Wednesday, June 24, 2009

What's in a Kiss?

It’s the inevitable increasing heart rate, followed by sweaty palms, and a gushing sigh. It’s the curiosity of another person, the anticipation of the first move, and the intensity of something unfamiliar suddenly becoming quite familiar.

A kiss.

It’s shared between thousands of people every day in multiple varieties, and often causes women to rack their brains in search of a deeper meaning. In fact, women have been trying to decode the unusual characteristics of men since the two species discovered one another.

From examining how long it takes for him to call and whether or not he opens the door on the first date to where he puts his hands when he holds you in his arms, women analyze every verbal and non-verbal movement.

Aretha Franklin may declare that the key to unlocking every intention of a man simply lays in his kiss…but does it really?

According to an article published last year in the New York Times, researchers have tried for centuries to decode the meaning of a kiss. Many cultures and icons in history have their own definition a kiss. Martin Von Kempe, a 17th-century polymath composed a 1,000-page encyclopedia on kissing explaining his opinion on 20 different varieties.

Charles Darwin noted that kissing “is replaced in various parts of the world by the rubbing of noses.” In Africa, the Pacific, and the Americas, cultures did not know about kissing until they were introduced to European explorers, and most thought of kissing as rather disgusting. In sixth century France, dancing was used to display affection and each dance generally ended with a kiss, according to syncrat.com.

At one point, it was even hypothesized that the reason people found kissing pleasurable was because when two lips met, it created an actual electric current.

Although kissing has a history and definition that is described differently throughout every culture, men, in general, have few classifications of lip locking. According to a study conducted at the University of Albany by psychologist Gordon Gallup, men aren’t too picky about kissing. In fact, most men reported that if a kiss isn’t exactly up to par, they will still continue to pursue a sexual relationship and kiss-less sex doesn’t bother them. Gallup went on to conclude that men and women have developed differently ideologies about kissing over time. For a man, kissing is the first step on a sexual ladder, where a woman sees a kiss as a ‘mate assessment device’.

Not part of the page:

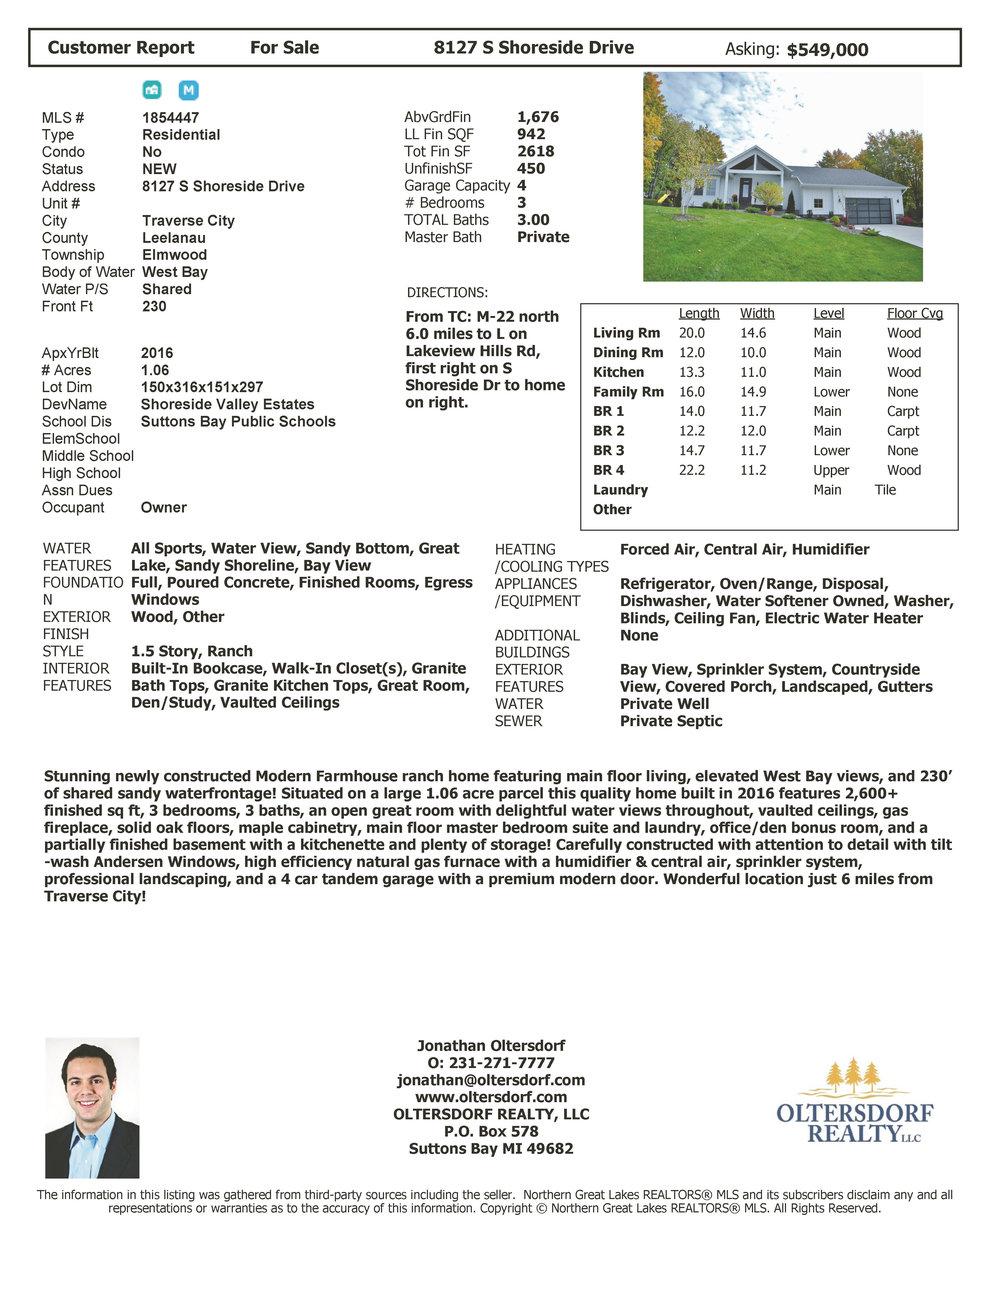 8127 S Shoreside Drive, Traverse City – Marketing packet by Oltersdorf Realty LLC (10).jpg

In fact, according to the study, Gallup concluded that men enjoy more saliva in a kiss because it encourages hormonal reactions, while women are more concerned with a man’s breath, and whether or not the kiss could be the stem to more meaningful kisses.

A man’s kiss alone, without other factors, does not define how he feels about a woman. If a woman kisses a man at a party or bar after a round of shots or martinis, his kiss is not going to be a kiss that Aretha proposes defines their ‘love’ for her.

Finding the core significance of a man’s feelings is not by the interlocking of their lips with a woman’s, but by the actions and affections he demonstrates towards her.

Anyone can physically perform a kiss, as Webster defines as “the act of caressing the lips”. However, when a man really shows his love or fondness for someone, it’s not something that just anyone can do. According to Jaleh Donaldson, a columnist for Associated Content, there are sure ways to decode a man’s feelings for a woman.

When a man loves a woman (yes, I may be referring to Percy Sledge lyrics), he will be loyal to her, call her frequently, have the desire to see her, the drive to go places and do things with her, he will spend money on her, show her good manners, will only want to date her, and believe it or not, he will actually say ‘I love you’.

Aretha may have encouraged women of all ages to take the plunge and test the kissing waters of the men they are interested in, but she was not accurate in leading them in interpreting a man’s feelings. If you want to know if he really loves you, spend time with him, pay attention to his actions around you, listen to what he says to you, and most importantly, communicate.

If that communication involves a little smooch here and there, that can’t be bad for you either. Just don’t let it be everything.